▶ **Exercise goal**
Retype the whole listing verbatim and keep the pictures out of it.

▶ **Source data**
++++++++++++++++++++
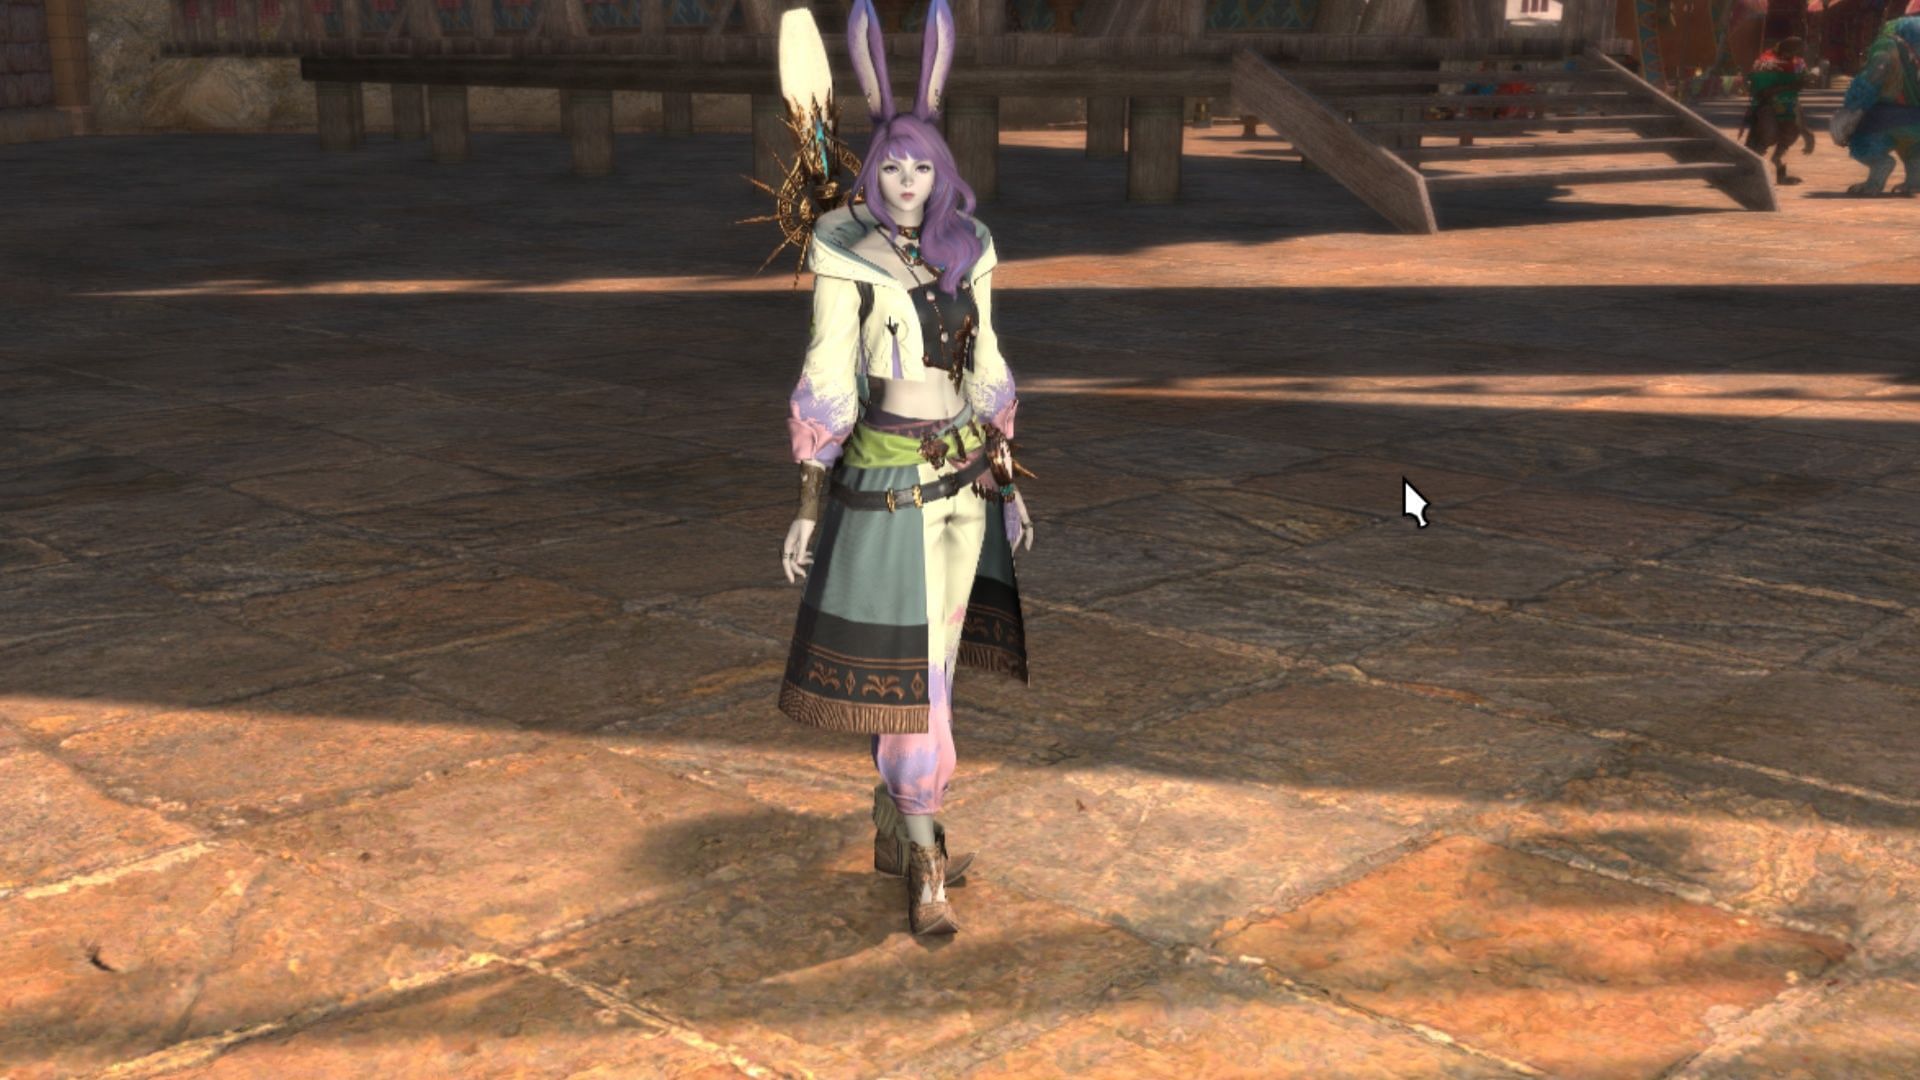 The Level 99 gear we got access to during this preview - the Pictomancer gear is amazing (Image via Square Enix)
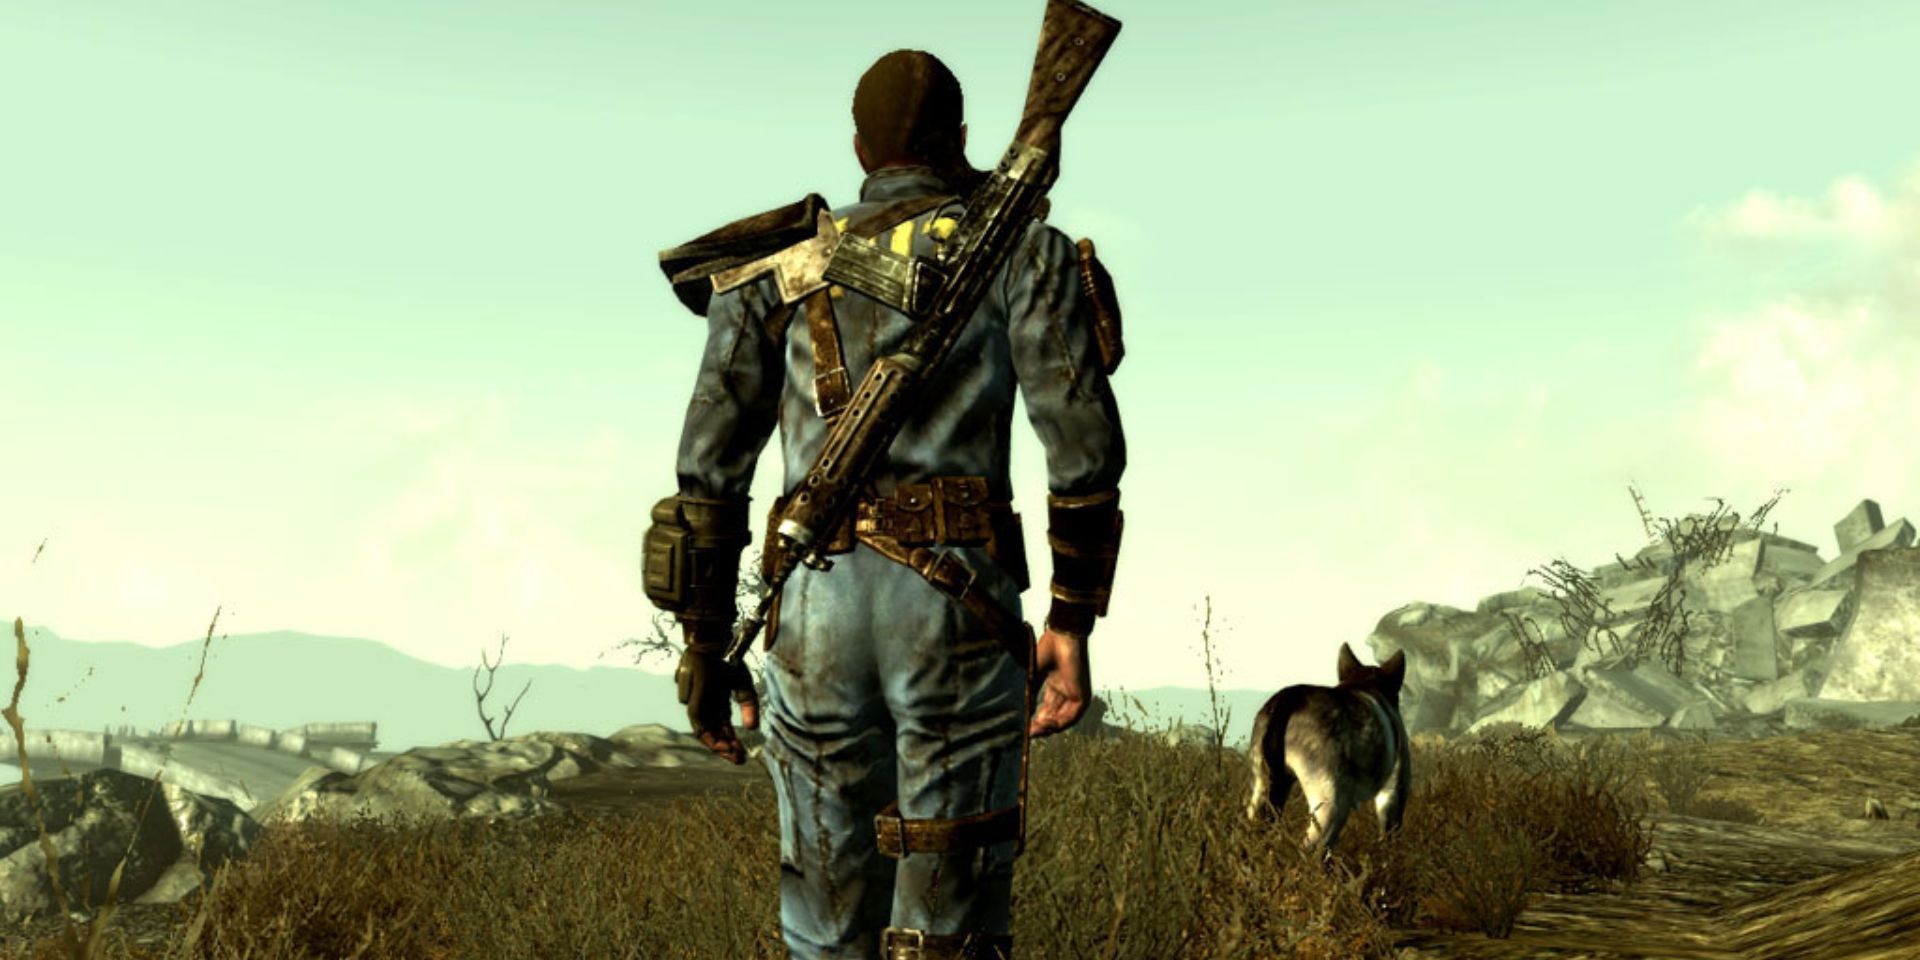 The Fallout 3 protagonist viewed from behind with his dog companion Dogmeat
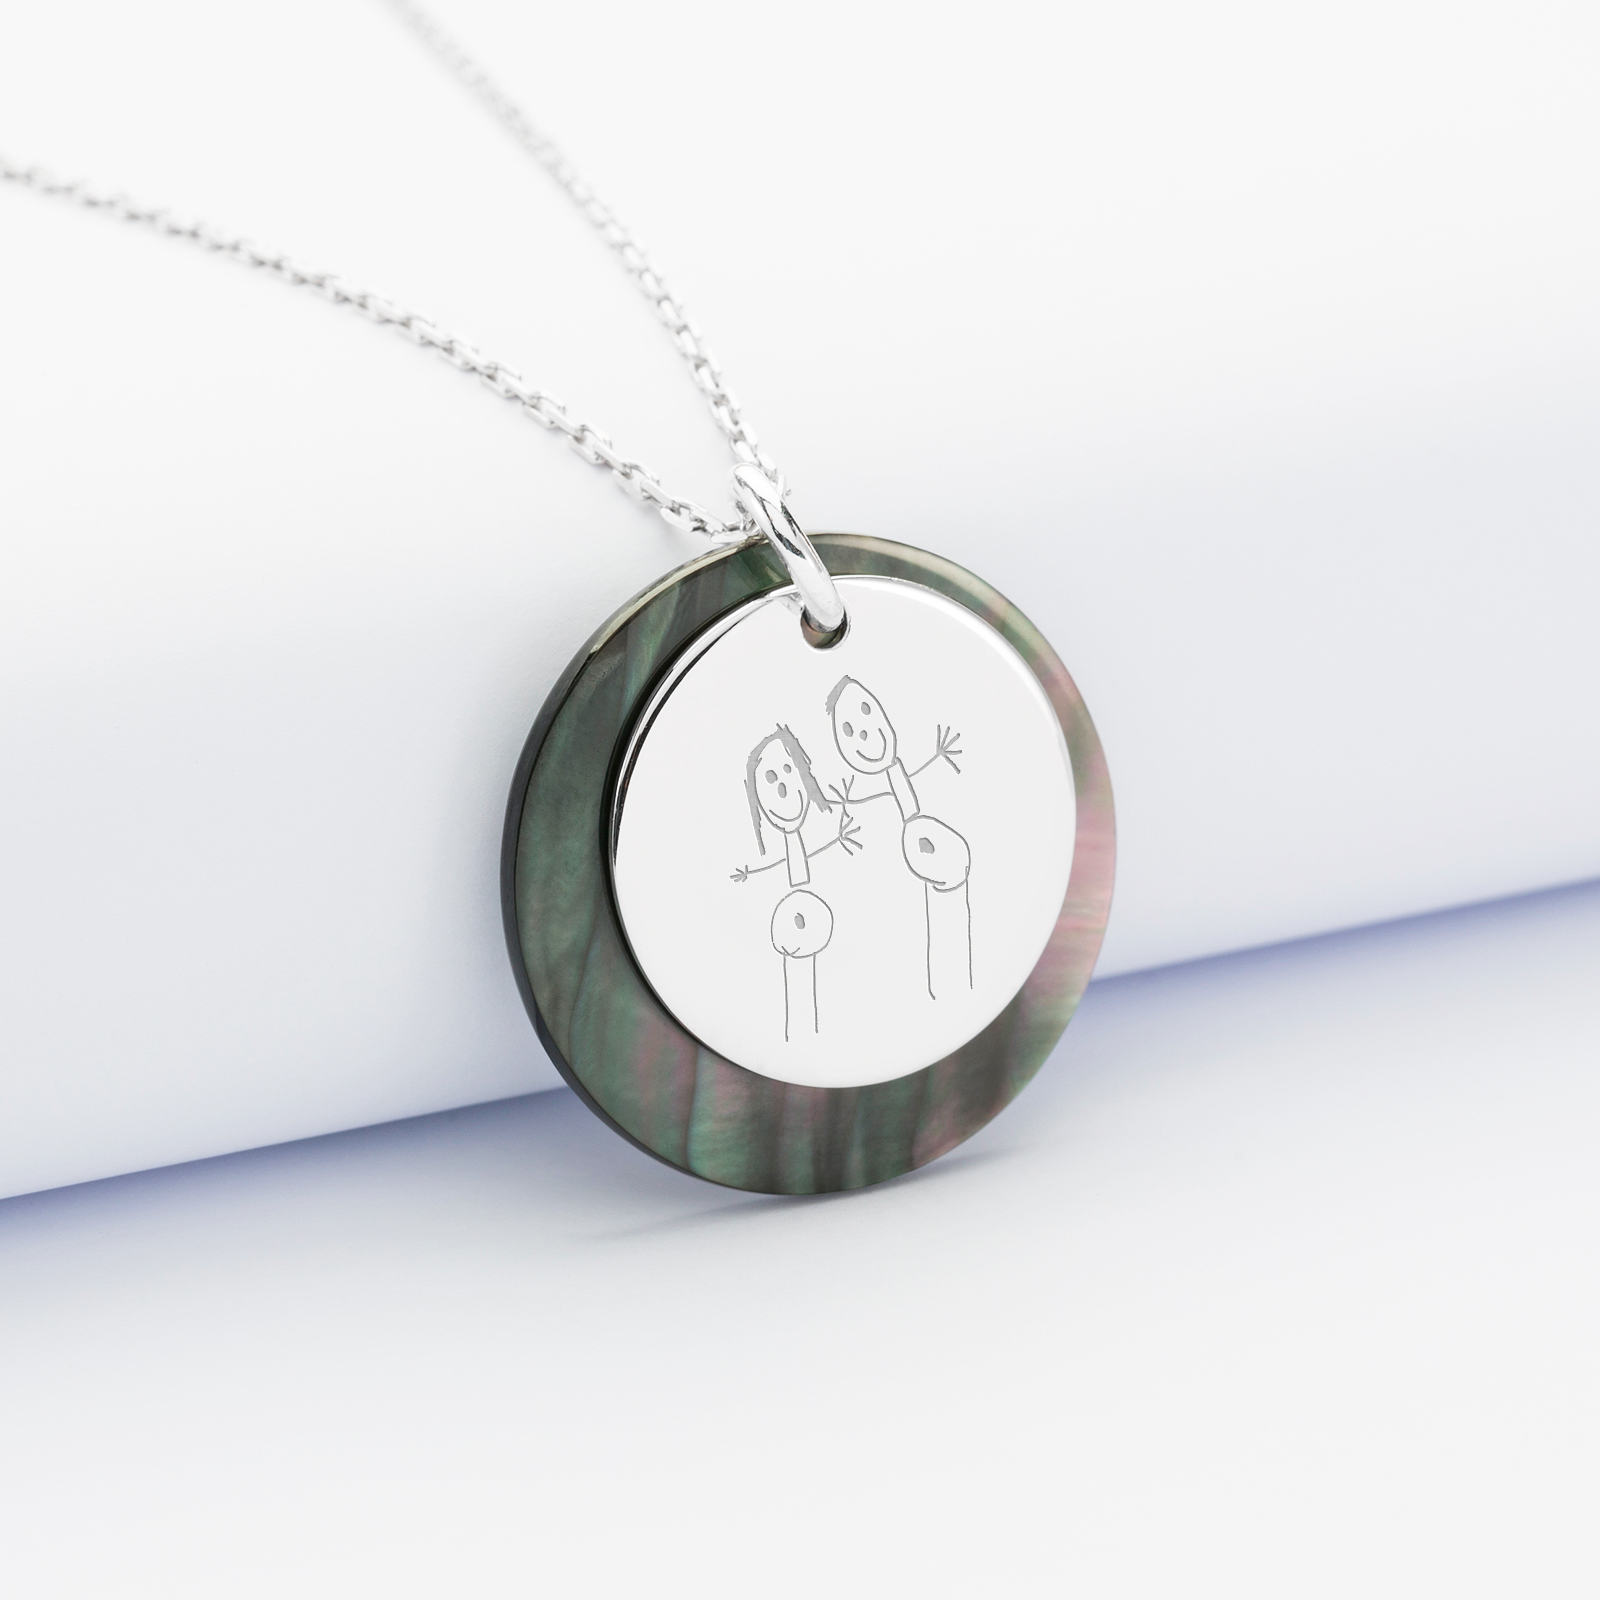 Personalised mother of pearl 25 mm pendant charm and engraved silver medallion 19 mm - sketch
++++++++++++++++++++
▶ **Exercise solution**
 The Level 99 gear we got access to during this preview - the Pictomancer gear is amazing (Image via Square Enix)
 The Fallout 3 protagonist viewed from behind with his dog companion Dogmeat
 Personalised mother of pearl 25 mm pendant charm and engraved silver medallion 19 mm - sketch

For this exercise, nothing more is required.